From Post-Apocalyptic RPG wiki
This article is the glossary of the programming department.
- Boilerplate Code
- A piece of code that needlessly duplicates some functionality used elsewhere, usually with minor differences. The usual way of dealing with boilerplate code is to refactor the code into a function or method with parameters that deal with the differences.
- Code Design Workflow
- See Code_design_workflow.
- Code Proposal
- See Code_proposals.
- Code style
- The way in which code is written and formatted, most notably in the use of whitespace. Most programming languages have a flexible syntax and grammar, allowing the same functional piece of code to be written in multiple (more or less valid) ways. Code style standards exist to keep code consistent across one or more projects and minimize the effort required by programmers to read the code.
- Commit comments guidelines
- See Commit comments guidelines.
- Development environment
- Set of tools and programs available on your computer used to write, analyze and debug code.
- The set of rules that govern how a programming language is written, including syntax.
- Hard-coded Value (AKA Magic Number)
- Usually some primitive datatype, such as a string containing a file path or an integer defining some multiplier, that is not assigned to a variable but used as a function parameter or to construct a more complex variable. The problem with hard-coded values is that it can quickly lead to boilerplate code that is needlessly duplicated, making it more difficult to extend the code later. Variable names also help document the code's intended function, so if in doubt it's always better to assign values to variables even if they are used only once.
- Integrated development environment (or IDE)
- A single program or suite of programs designed to work with each other that forms a "complete" programming development environment. Examples include Eclipse, WingIDE, CodeBlocks, Emacs, etc.

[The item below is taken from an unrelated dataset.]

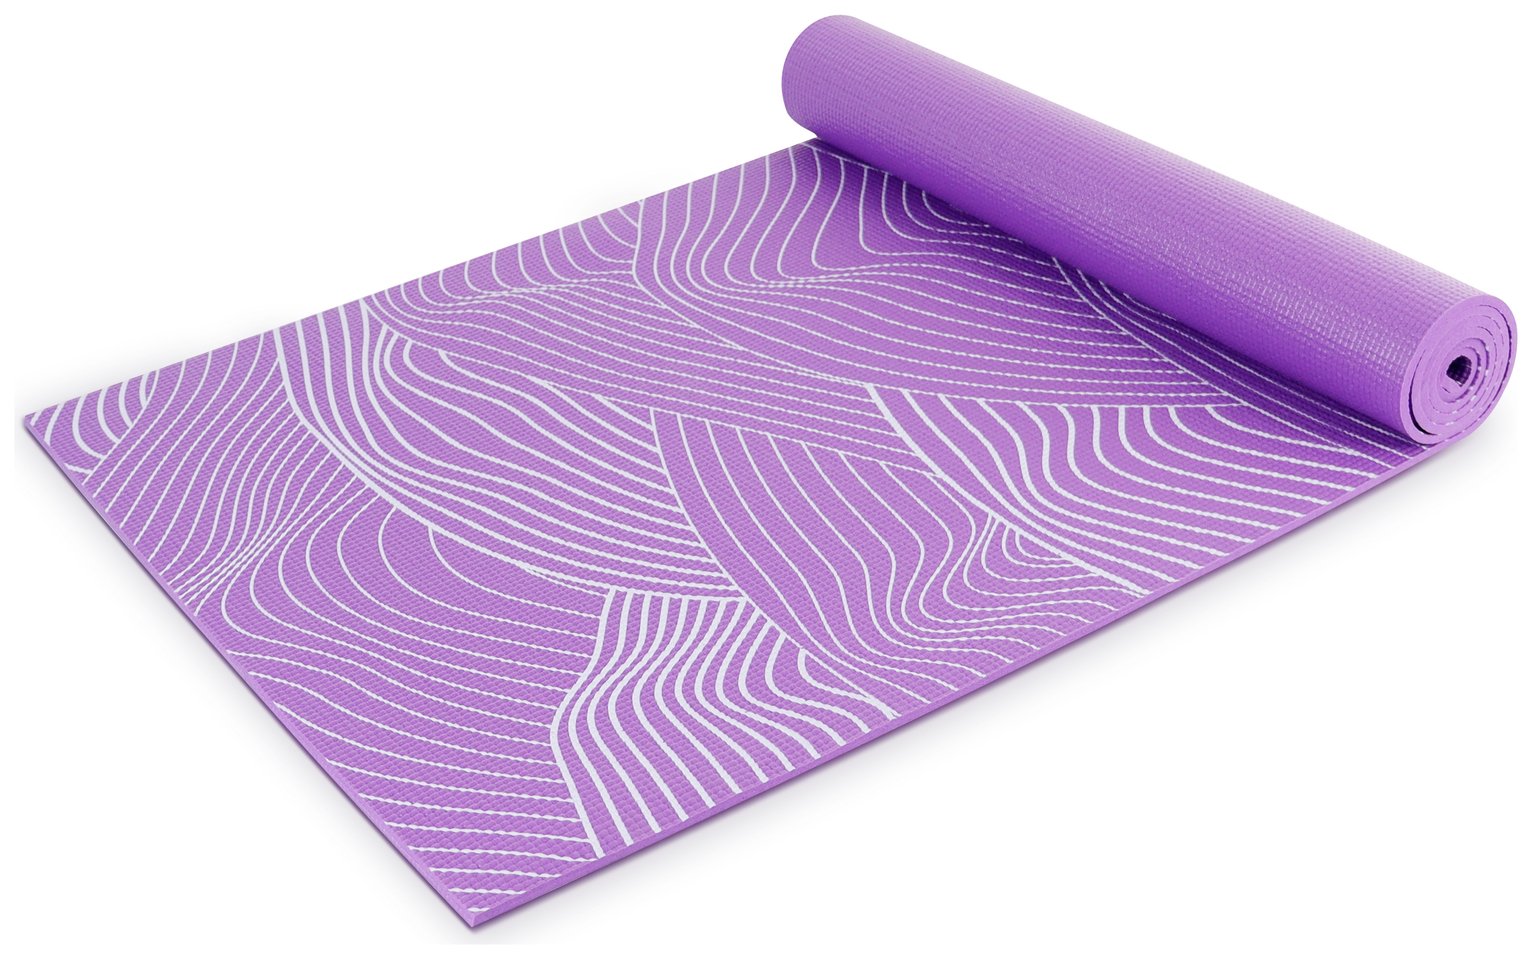 Opti 6mm PVC Yoga Exercise Mat - Purple

- A collection of variables, functions and classes that serve a collective purpose, usually stored as a compiled file with a .so or .a extension on Unix systems and .dll on Windows systems. A shared library (also known as a dynamic link library on Windows) is a library that can be accessed by a program at runtime, while a static library must be explicitly linked into a program.
- A general term that describes a range of activities related to code (re-)organization, usually with the goal of simplifying existing code and making it more modular (e.g. removing boilerplate code and replacing it with a more general solution).
- Runtime environment (or environment)
- Usually used to refer to the type of operating system installed on your computer and the number, type and versions of shared libraries required by a particular program to run. May also refer to your computer's hardware, in particular your CPU's processing speed, number of cores, machine architecture (64-bit versus 32-bit), type of GPU and amount of dedicated graphics memory, and the amount and type of system RAM.
- The set of rules governing how the symbols and statements defined by a particular programming language may be used together to create programs.
- Unit Test
- A piece of code that "tests" the actual behavior of a unit of code against what you expect that unit of code to do. In Python unit tests are generally written using the ubiquitous unittest module (AKA PyUnit), and test the behaviour of functions and class methods.